▶ **Exercise objective**
Beginning at the line that contains "Buy Costume Accessories", reproduce the entries below exactly, ending with the line that contains "London, UK. - 19". Omit each picture.

(Records to use begins)

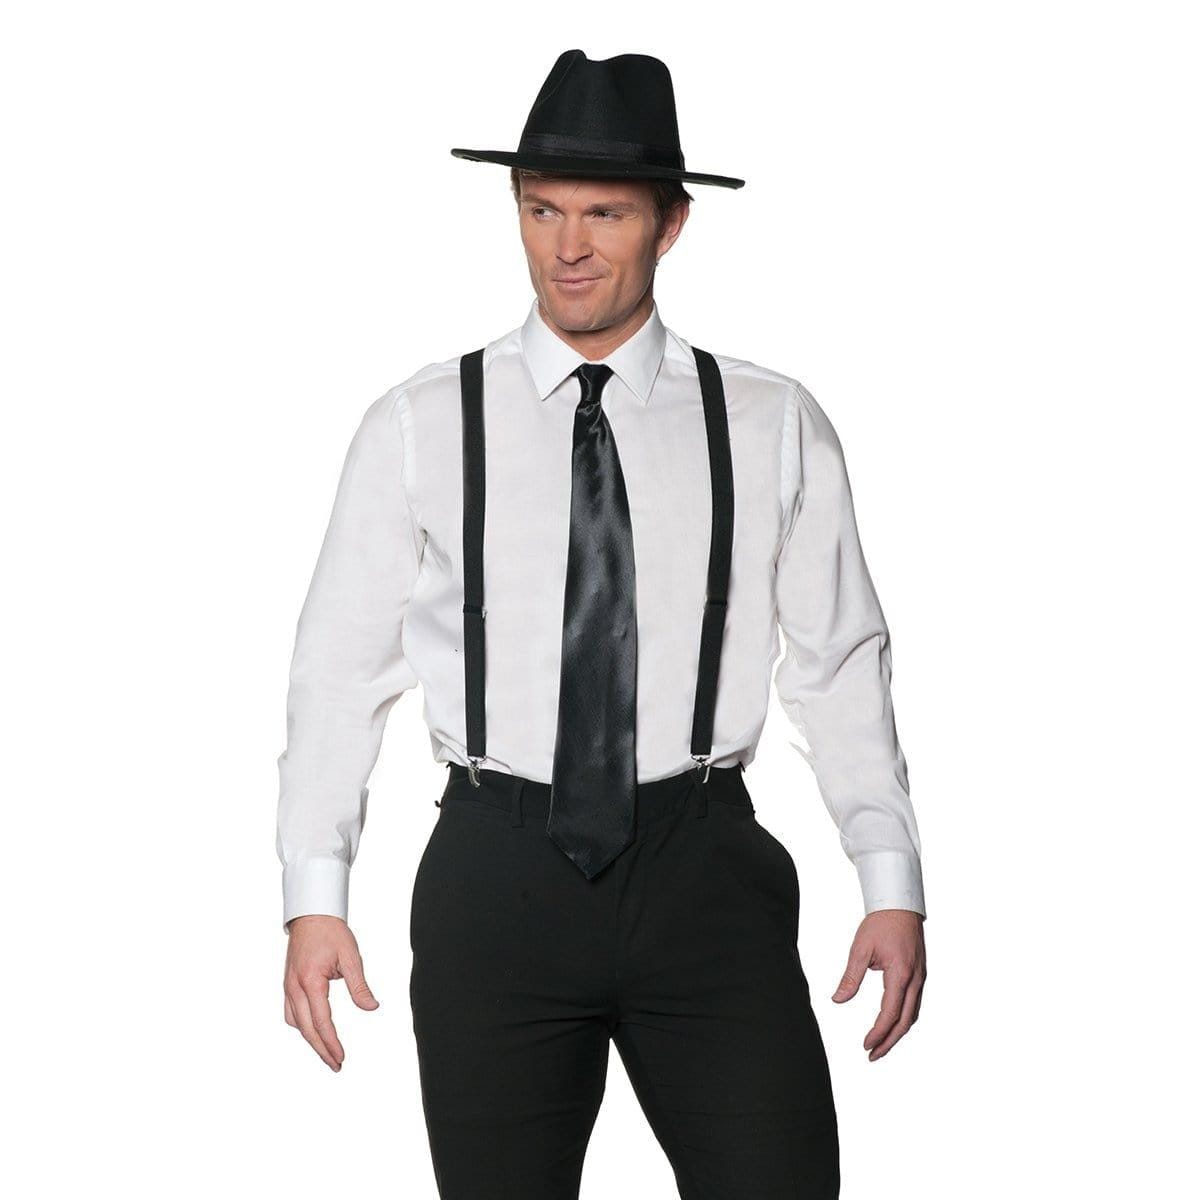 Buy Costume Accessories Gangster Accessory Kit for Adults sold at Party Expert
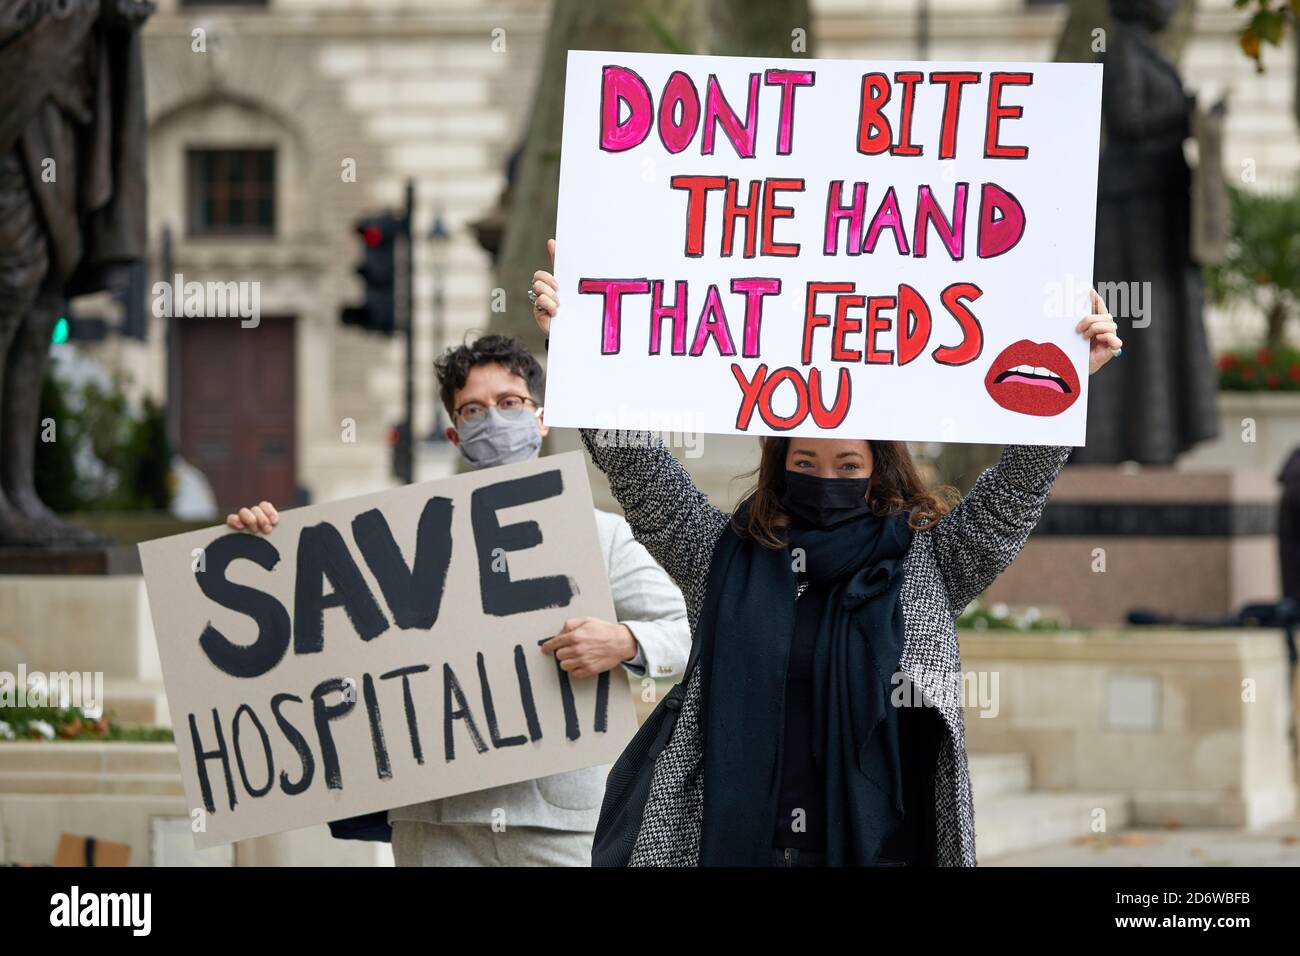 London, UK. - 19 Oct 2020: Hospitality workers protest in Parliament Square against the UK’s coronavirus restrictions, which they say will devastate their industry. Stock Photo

(Records to use ends)
(Records to use begins)

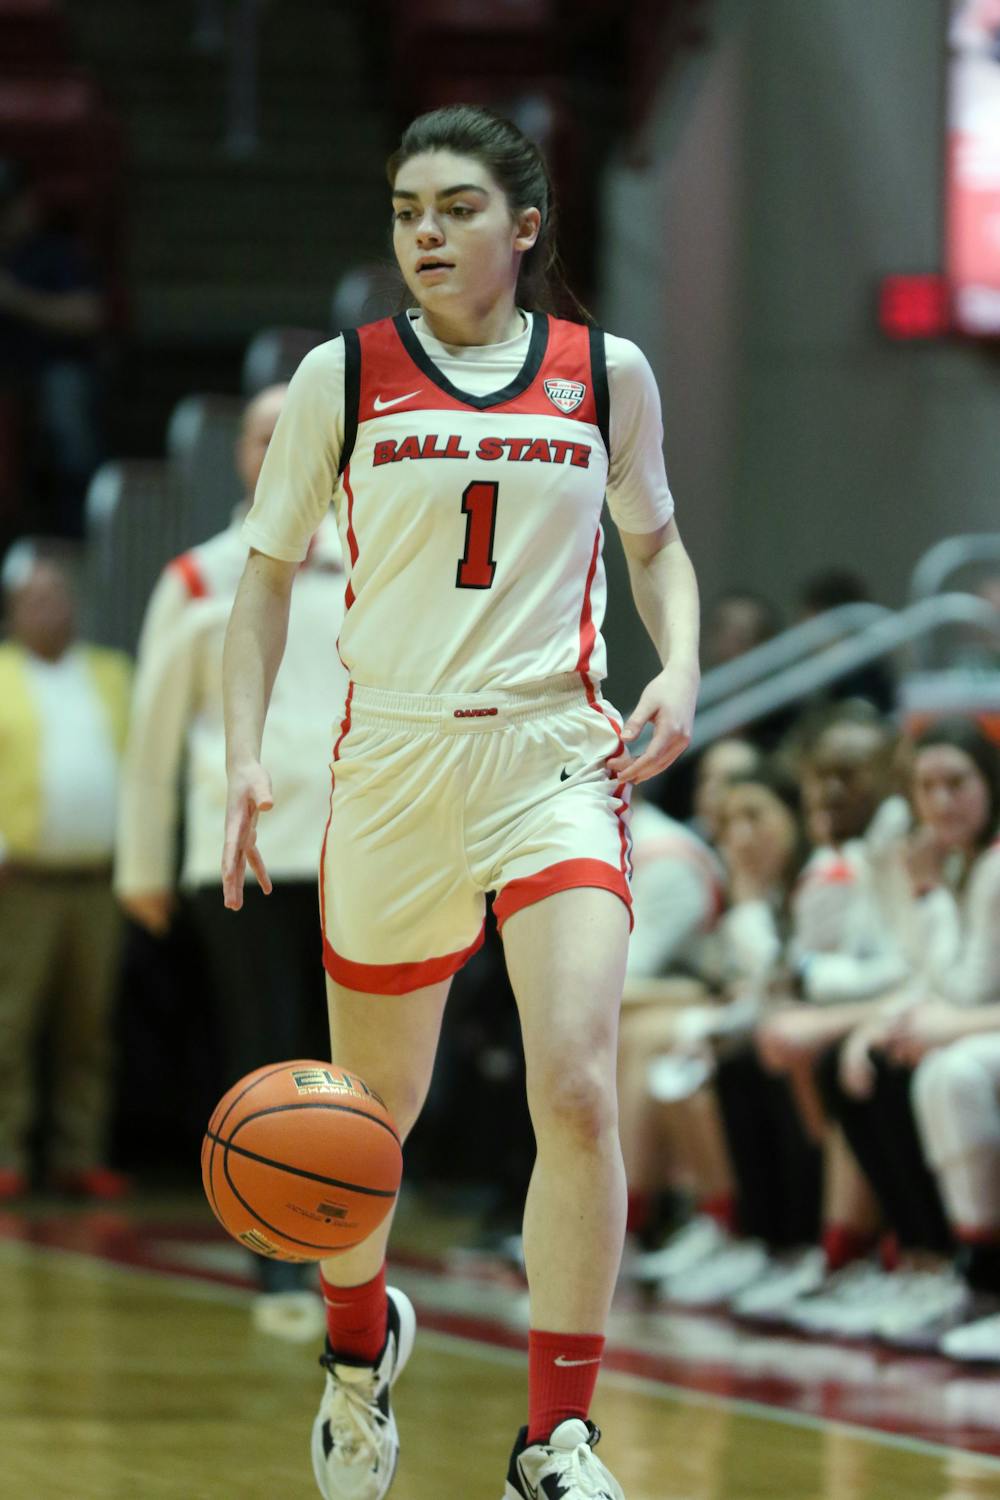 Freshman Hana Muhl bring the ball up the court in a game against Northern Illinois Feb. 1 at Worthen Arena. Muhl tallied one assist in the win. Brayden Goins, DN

(Records to use ends)

▶ **Exercise response**
 Buy Costume Accessories Gangster Accessory Kit for Adults sold at Party Expert
 London, UK. - 19 Oct 2020: Hospitality workers protest in Parliament Square against the UK’s coronavirus restrictions, which they say will devastate their industry. Stock Photo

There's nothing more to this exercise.